Video Game Development Pros and Cons

Jan 27, 2011 01:04

Good news and bad news. If you read on, I will illustrate my point with a metaphor about kittens. But first an update ( Read more... )

career, games

Leave a comment

Comments 14

sorcycat January 27 2011, 13:59:14 UTC
I have some colleagues who love Minecraft.

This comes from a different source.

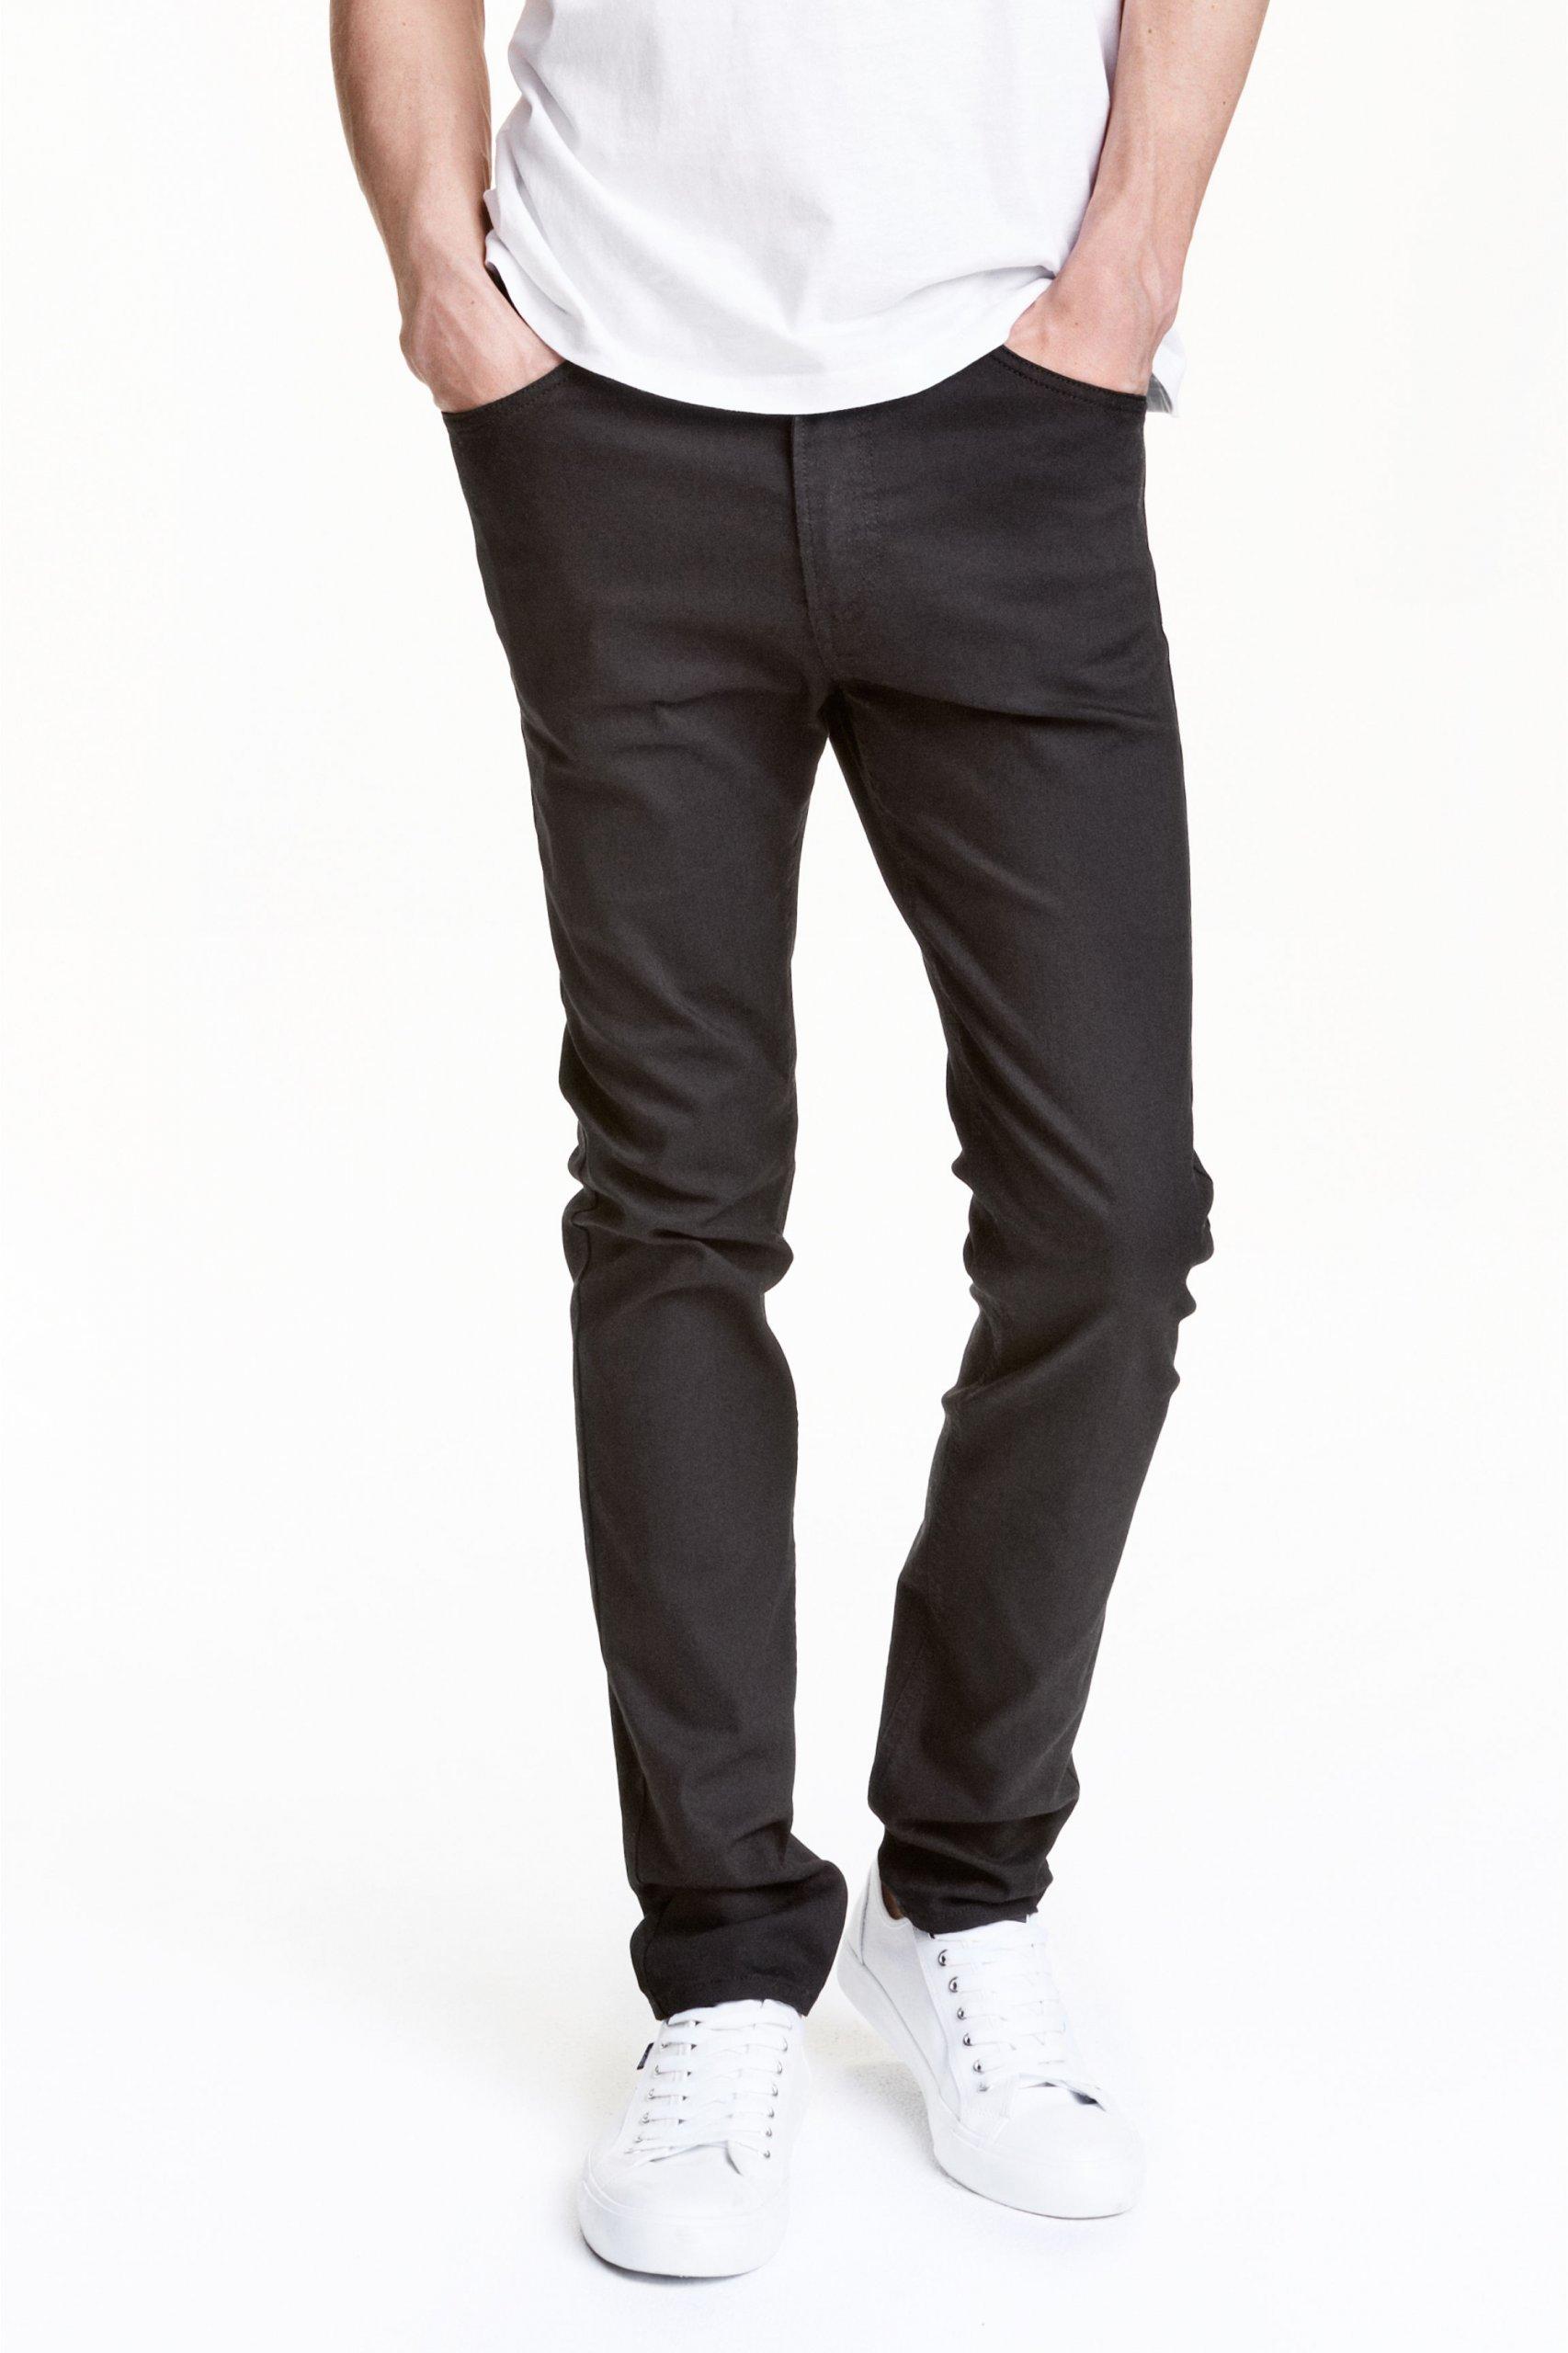 H&M DIVIDED spodnie SKINNY FIT LEG czerń W36 R

So, my question is... how much funding do you really need? You can develop game concepts and code in your own time. The iPhone development kit has a simulator for the iPhone, so you don't need to buy actual hardware until you have an app to show. The barrier for self-publishing is really, really low these days.

Reply

justbeast January 27 2011, 17:01:06 UTC
I second this. You really don't need funding, at least to start. Grab an SDK in your favorite language (like Python, or check out what's going on in the HTML5/Canvas/JavaScript world of gaming in the browser), some books, draw some crude programmer art in pencil or something, and go. Keep a blog, post demos of your game in progress. When you have a decent game going, and some feedback, and you're ready to actually publish it & earn money, go to Kickstarter to get some funds going to hire an arist (or, again, do the graphics yourself).

You just need time & effort & will to break into indie game development. I'm not saying 'Don't get a Master's degree' - sure, go for it. But don't go the 'seek funding for a startup' route until you have stuff to show.

Reply

matt_arnold January 27 2011, 17:56:44 UTC
Crude programmer art? Hire an artist? Do you really think I'm that bad at my job?

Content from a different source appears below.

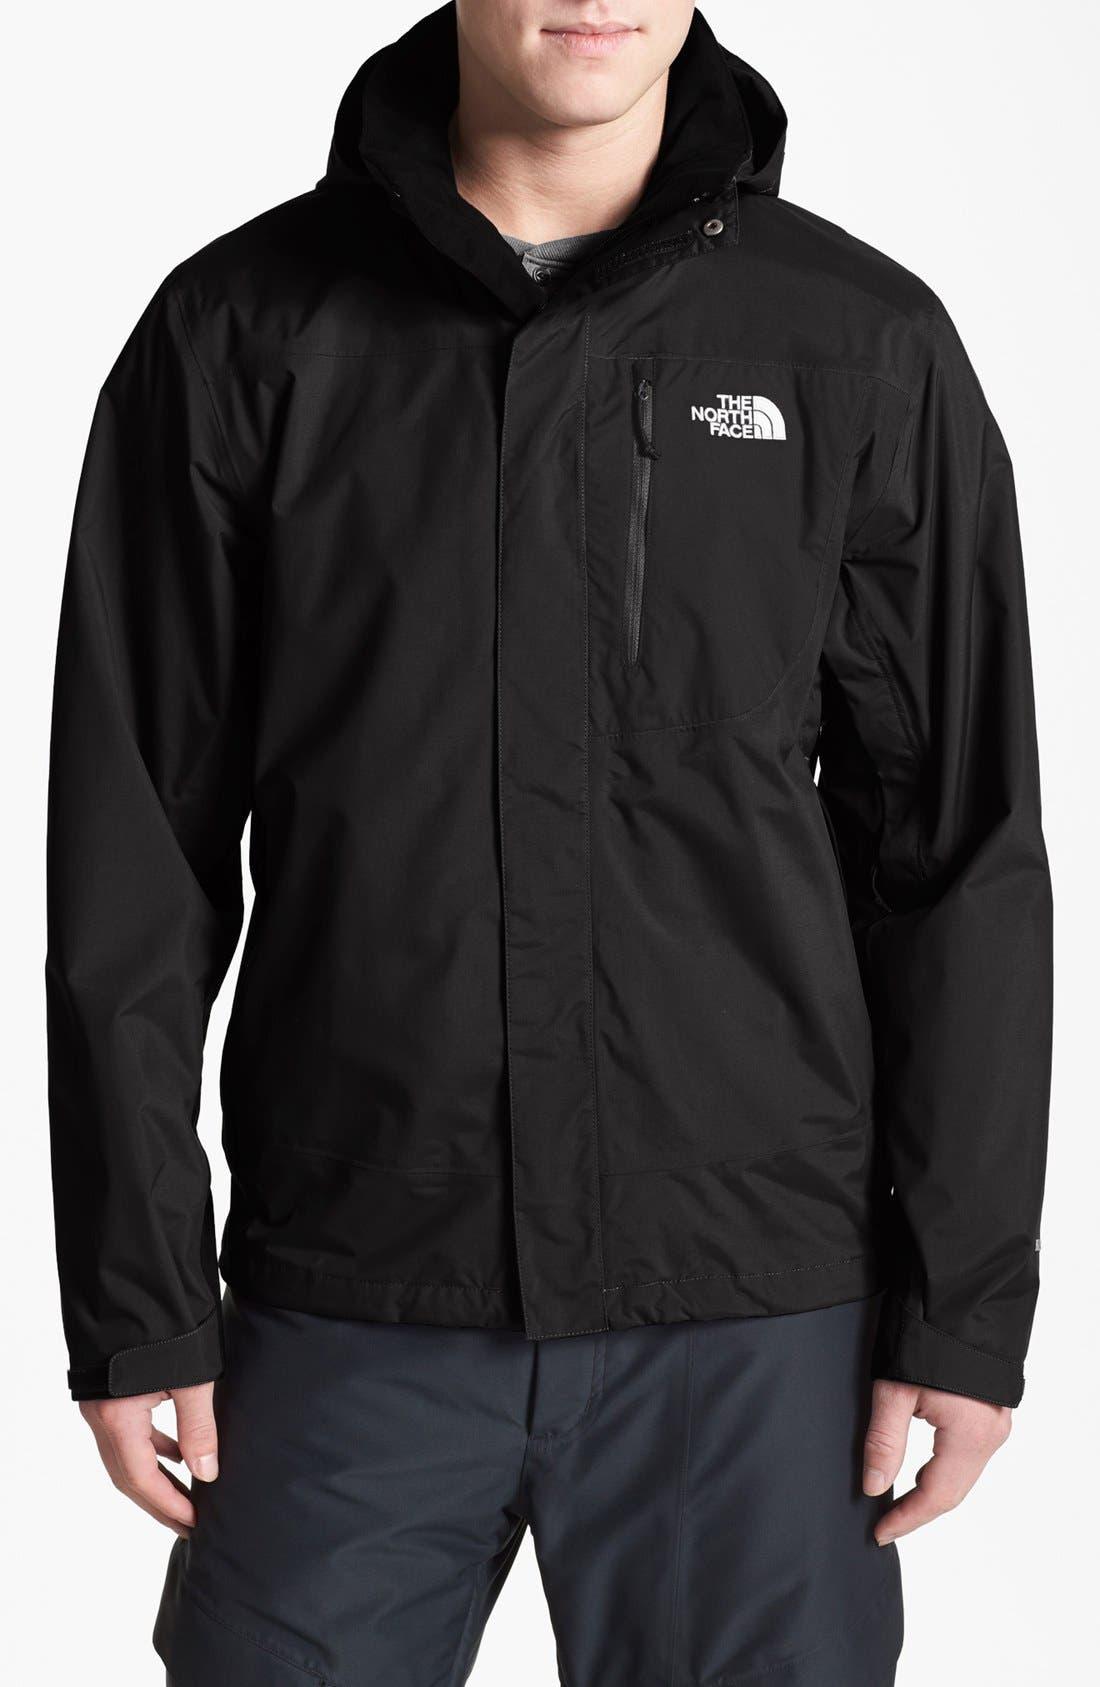 Main Image - The North Face 'Varius Guide' Seam Sealed Waterproof Jacket

How unutterably depressing.

Reply

justbeast January 27 2011, 18:02:39 UTC
Er... sorry. :) I somehow divorced in my mind the part in your post where you said you were applying as graphics artist from the part where you were talking about creating a game as belonging to two different people.
Please ignore that part of my comment.

What would be the funding for, then? If you can do the art, and you can program, hell, you're in an awesome and rare situation!

Reply


justbeast January 27 2011, 17:10:39 UTC
Also. I would love to collaborate with you. Or barter - ask you for game design & feedback in exchange for programming help or advice or actual coding time.

Reply

matt_arnold January 27 2011, 18:41:40 UTC
OK, that is fantastic. Frankly, since I'm so new to programming, I need adult supervision in that aspect!

Reply

pstscrpt January 27 2011, 19:15:22 UTC
Any idea what tools you'd be looking at? I'd be happy to help with programming questions, if it's something I know anything about.

Last I checked, Adrian was hoping to eventually get into game design and/or programming; you may have a potential intern, if you want it. That might get you more technical help from me, too, if we direct Adrian's programming education toward what would be useful for your project.

Reply

justbeast January 27 2011, 19:38:57 UTC
I'm curious, what tools would you recommend? (And what languages are in your area of expertise?)

My own personal (wholly unqualified) recommendations would be.. well, depends on what eventual distribution platform Matt is going for.
If for iPhone, then choice is pretty clear: get an apple iphone SDK, grab ObjectiveC and go.

For desktop? I would honestly recommend either:
* Pygame
* One of the non-Flash browser-based HTML 5 game frameworks, like GameJS, CraftyJS, or Akihabara or some such.